SNDK arrives at its April 29 earnings report having more than doubled off its lows, with short sellers caught offside and the Street scrambling to revise higher — the question now is whether the fundamentals have caught up with the tape.
The price action alone sets a charged backdrop. The stock added 8% on Monday and is up 17% on the week, extending a 74% one-month rally that has pushed shares to $1,070. Options positioning has edged more defensive into the print — the put/call ratio is running at 1.03, modestly above its 20-day average of 0.99, though at just 0.6 standard deviations above the mean, the tone is cautious rather than alarmed. The RSI at 68 confirms momentum is elevated but not yet technically stretched. What is notable is the sharp tick up in short interest: estimated SI jumped 14% in a single session on April 24 to reach 6.3% of free float — suggesting some traders are actively fading the run rather than chasing it.
Borrow conditions, however, remain remarkably easy for a stock that has tripled in a year. Cost to borrow is just 0.35% APR, and utilization has fallen back to under 1% — well below the 52-week high of 12.9%. That gap signals ample capacity to build short positions further, but also means there is no structural squeeze fuel sitting in the lending market. Closest peer WDC — which holds a ~5% stake in SNDK — rose 8.5% on the week but carries a much heavier short burden with days-to-cover at 4.3x versus SNDK's 0.3x. The contrast underlines how differently the market has priced the two NAND storage names through the same cycle.
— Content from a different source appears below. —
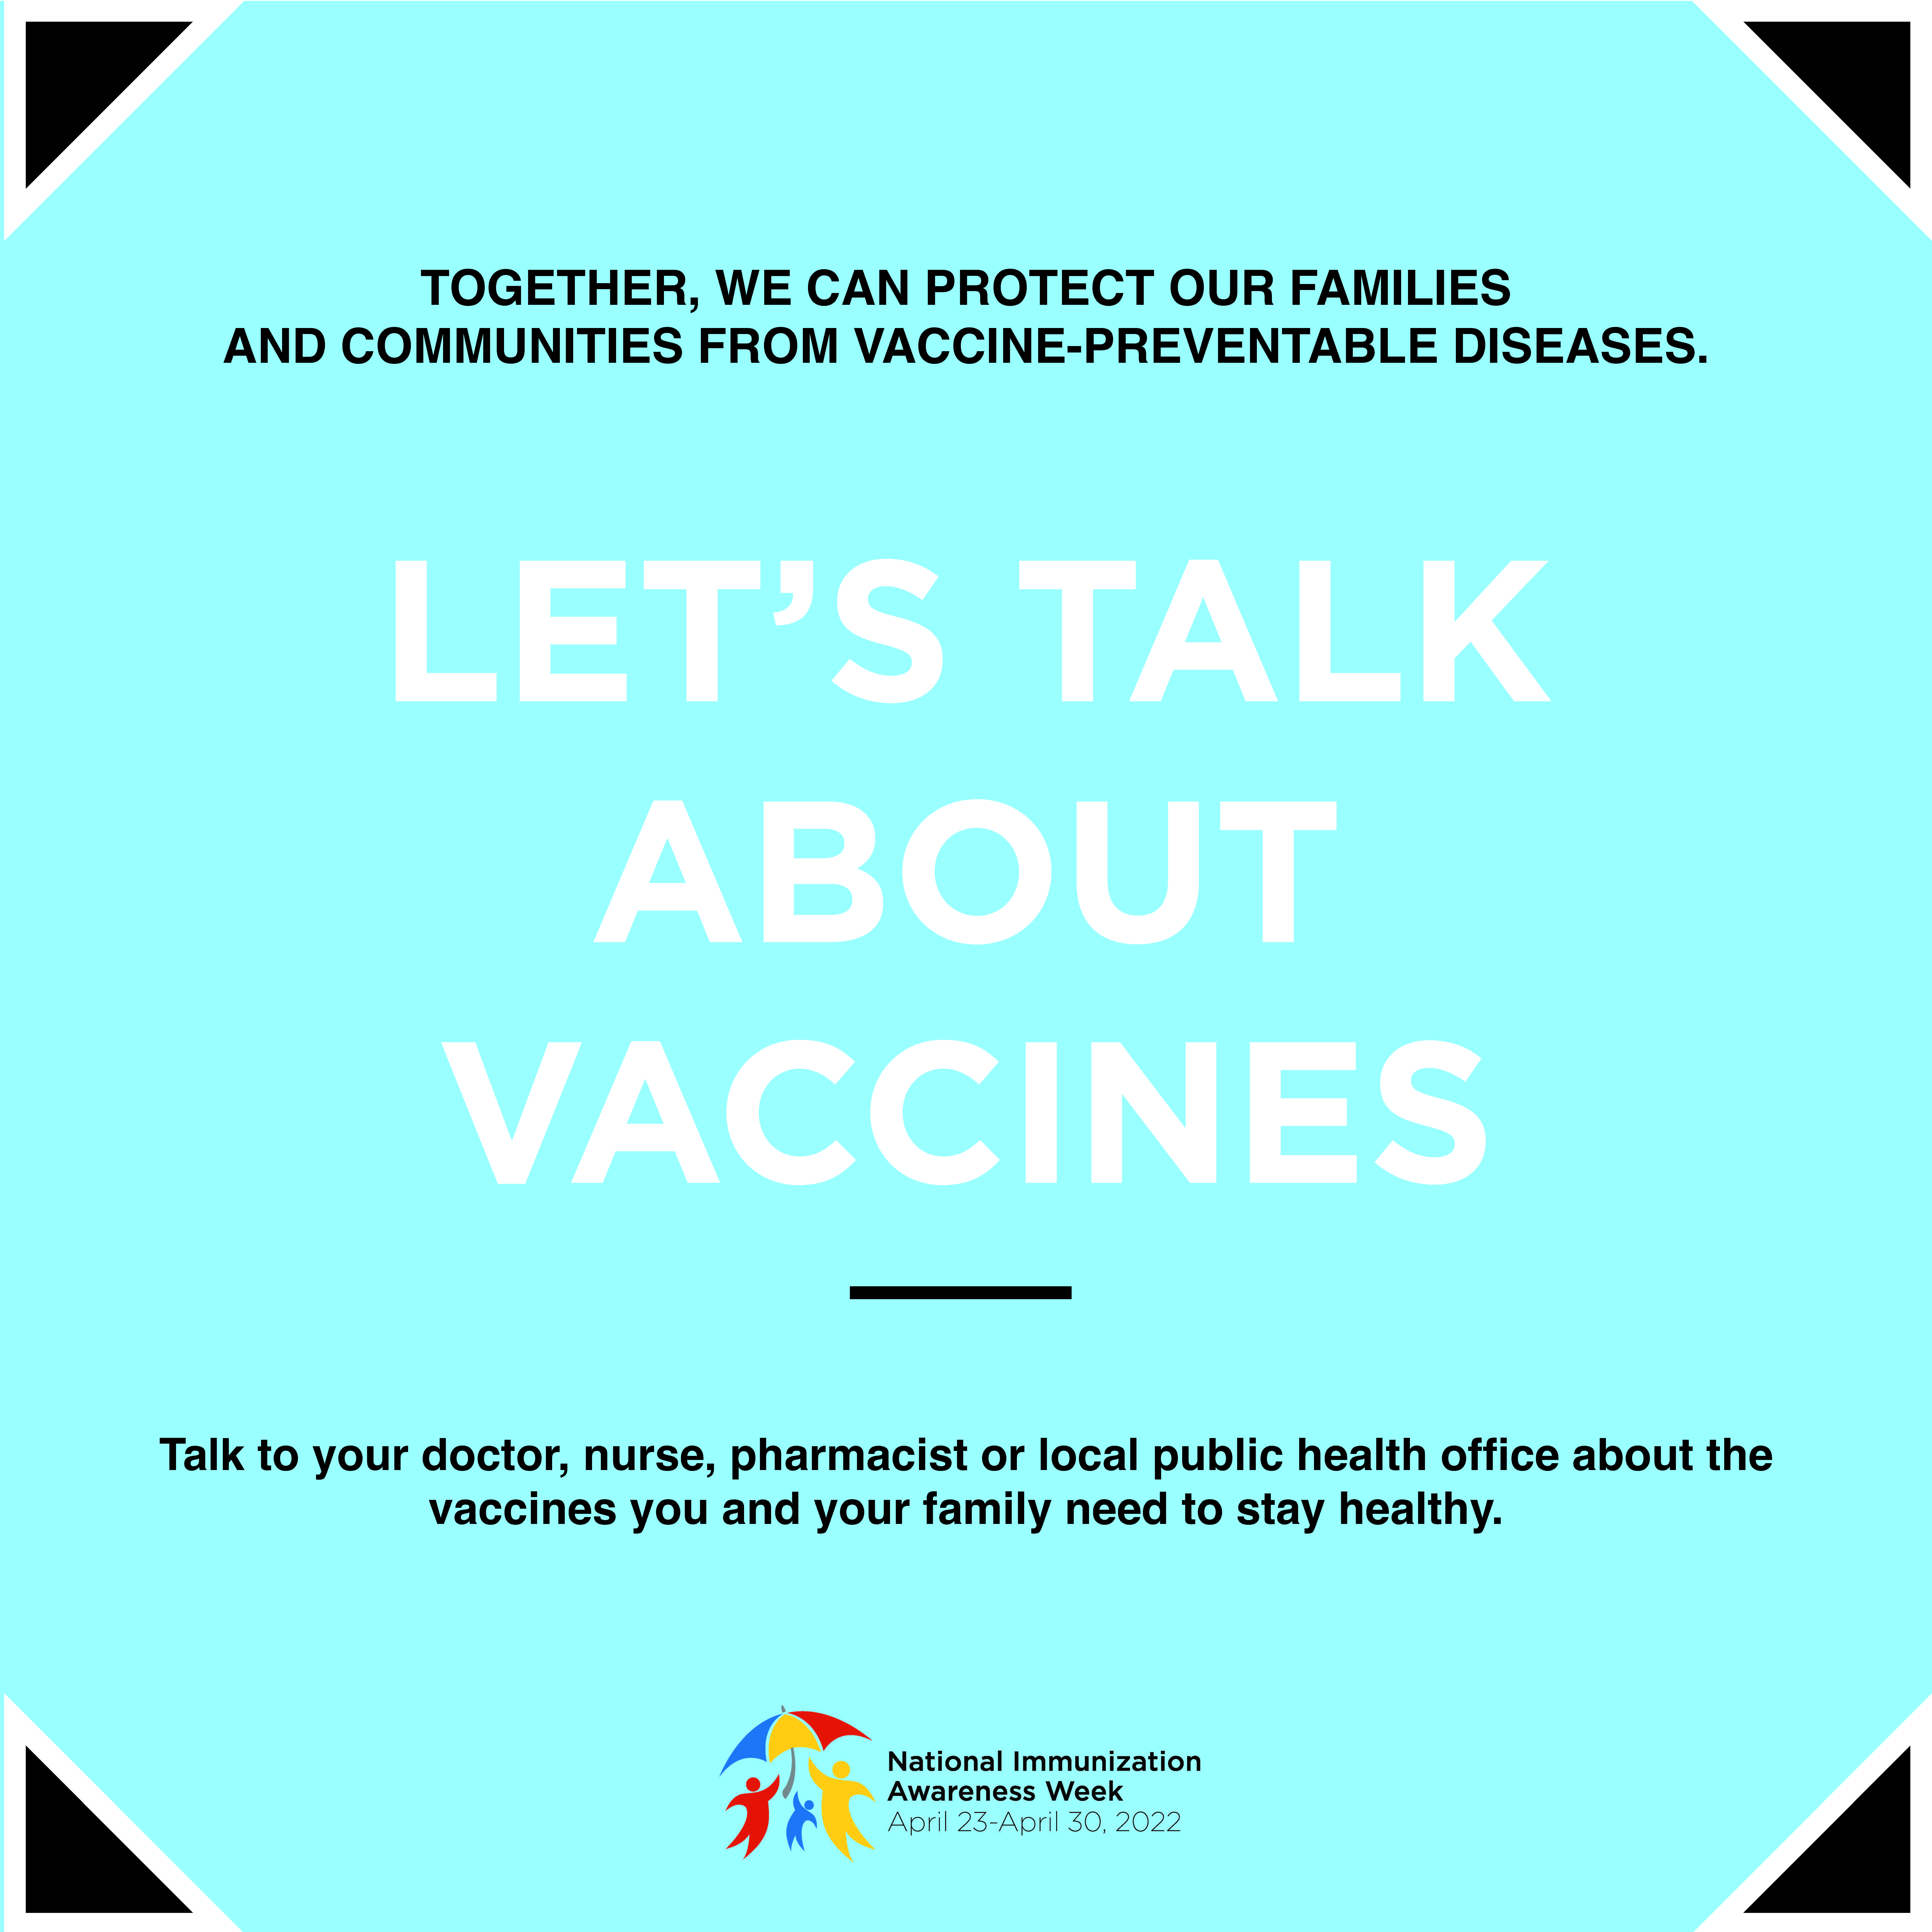 Let's talk about vaccines - customizable poster for social media

The bull case rests on SanDisk's pivot toward high-capacity data center NAND. Average selling prices and gross margins are improving as the company prioritises that mix. EPS momentum ranks in the 95th percentile on a 30-day basis and at the 100th percentile on a 90-day view — the estimate revision trend has been one of the most powerful in the universe. Analysts have followed accordingly: BofA lifted its target to $1,080 last week while maintaining Buy, Evercore ISI initiated at Outperform with a $1,200 target in mid-April, and the consensus mean has moved to $968 — now roughly 10% below current levels after the stock ran through most targets. The bears counter with real structural risks: concentrated supplier dependency, ongoing IP litigation exposure, and the inherent cyclicality of NAND pricing, which has been unusually supportive but may not stay that way. The EV/EBITDA multiple at 12x has compressed 2.2 turns over the past month even as the stock surged, reflecting earnings upgrades running ahead of the price — but the analyst return potential has now flipped slightly negative at -6%, the first time the consensus has been underwater in the recent rally.
Insiders have been consistent sellers throughout the move — the CTO sold $2M in shares at $913 on April 20, and the CEO sold roughly $1M in late February near $632. Net insider selling over 90 days totals approximately $8.8M. The pattern is one of systematic liquidation as the stock rerated, not panic — but it adds weight to the bear argument that those closest to the business have been happy to trim on strength.
The April 29 print is therefore less about whether the NAND upcycle is real and more about whether margin delivery and forward guidance can justify a stock that has already priced in a great deal of the recovery.